Five years ago I was working in the Adirondack Mountains of northern New York State with the Department of Environmental Conservation as what was called a “back country steward”. Essentially this meant that I spent my workweek in the forested mountains surrounding Lake George in the eastern Adirondacks. Some parts of the Lake George Wild Forest have numerous visitors, especially on weekends, having fairly simple but worthwhile hikes and easily reachable car camping sites, the most obvious of these being Dacy Clearing Road area. Other parts of the Wild Forest are rarely visited, even by other DEC staff.
The 4th of July Weekend took me to one of the off the beaten track portions of the Wild Forest. In fact, from when I reached the trail head to when I returned to the house a group of us had rented I saw a single person over the four nights I was out there, and I only saw him as he canoed on a pond I was camping beside, we never spoke at all.
That weekend I came quite close to getting seriously hurt.

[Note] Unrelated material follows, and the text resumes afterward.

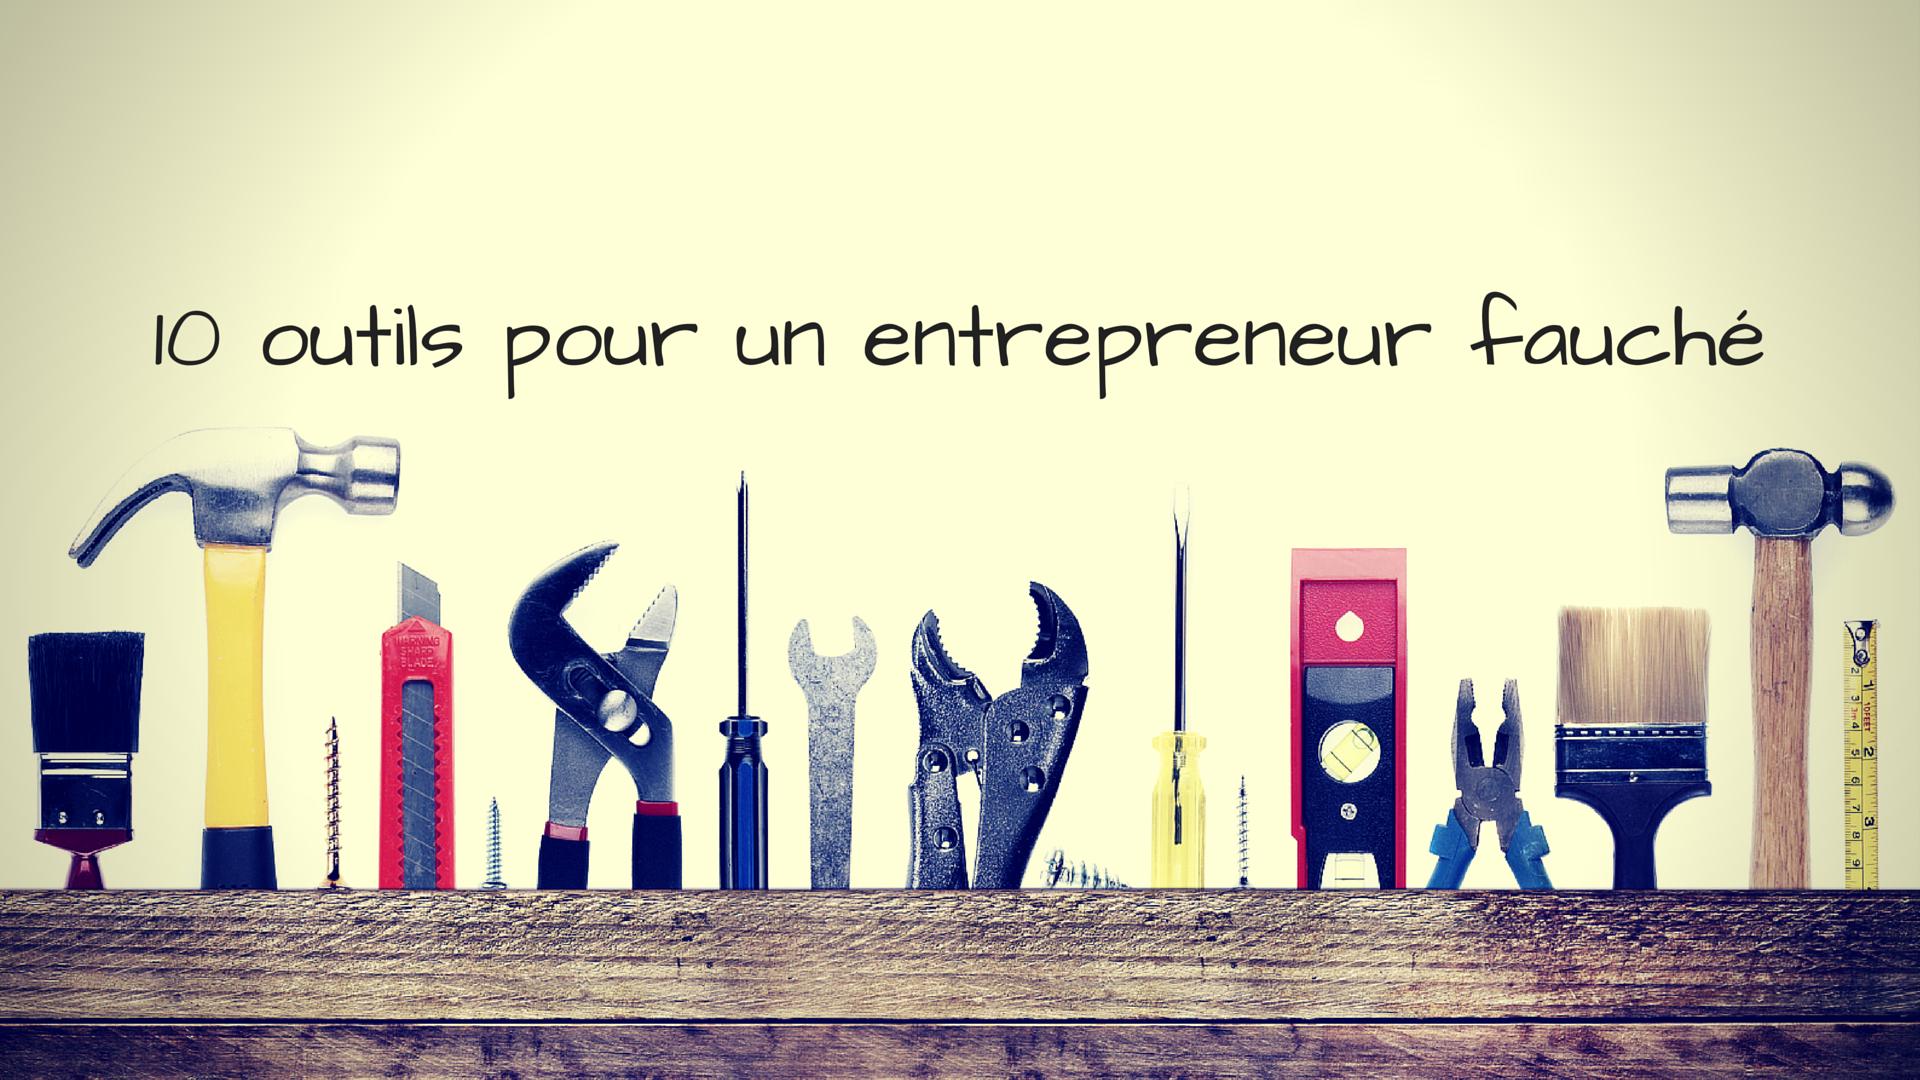 10-outils-pour-entrepreneur-fauché-1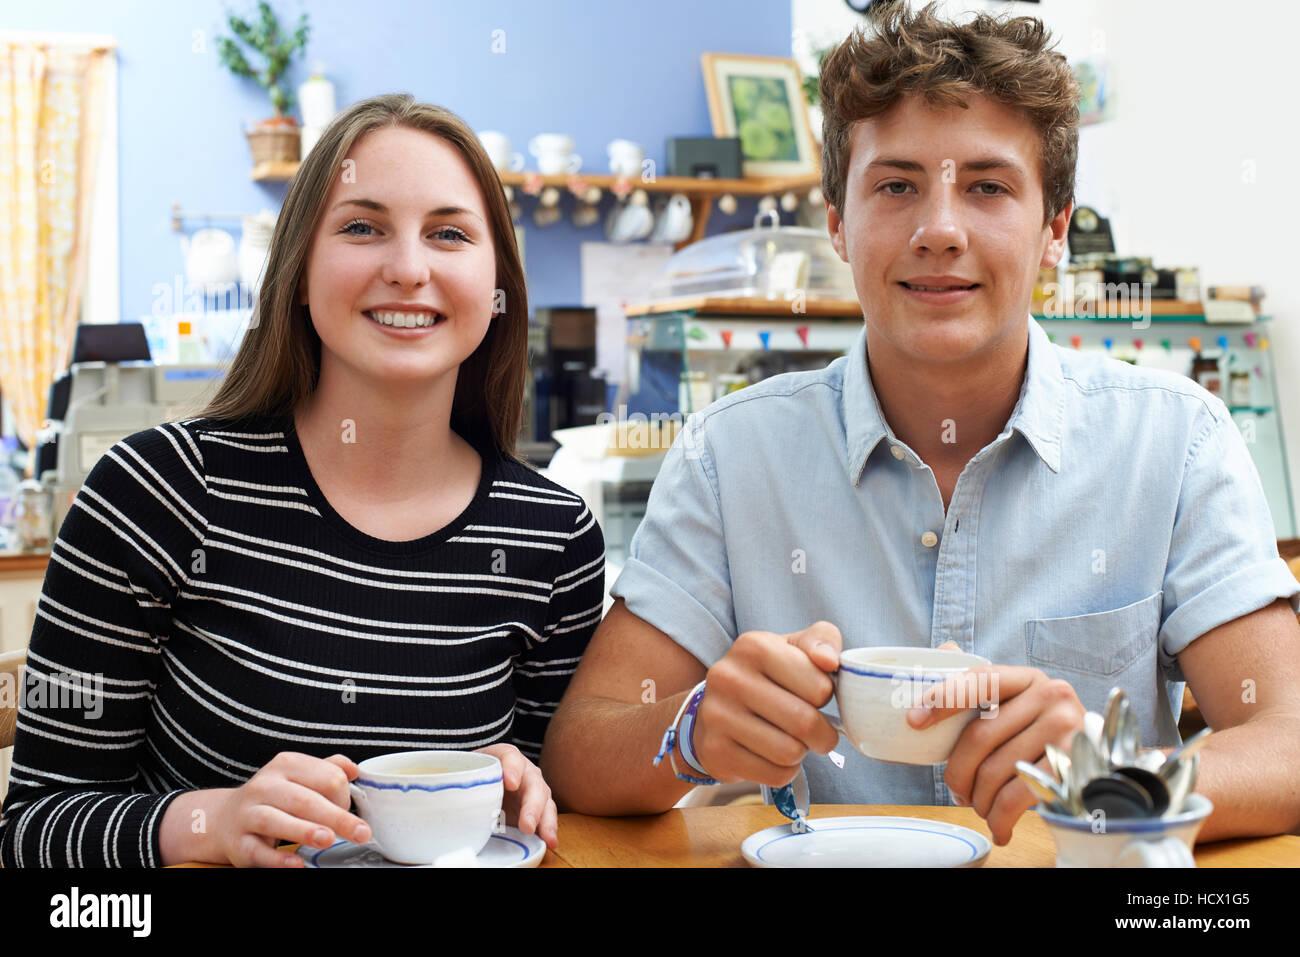 Gruppe von Porträt von Teenager-Paar treffen im Cafe Stockbild

Now obviously if you’re camping alone in the forest there are some risks, but I also had a variety of tools for maintaining trails as well as some for measuring campsite impacts, and these tools included a pair of “loppers” basically very large pruning shears that are intended to punch through tree limbs that need removing.
Somehow, and I’ve wondered about it for years now, the blade broke off and flew within an inch or two of my left ear. I could have been cut, or had it strike my eye, and then would have been SOL. Assuming I could get radio contact where I was it would have been quite a slog for EMS to reach me. From the trail head the trail stopped being a lumber road after perhaps 500 to 1000 yards at the edge of the first of several beaver ponds and dams. The day before I had broken the loppers I’d hiked in carrying my gear. And like any reasonable person when the opportunity came to avoid having to wade through the pond by walking across the top of the dam I took advantage of it. Such an opportunity wouldn’t really be there for an EMS crew, it being far too narrow to get a medical ATV across. After that it would have been just a simple task of going up the trail and eventually finding me. But still, not the best situation.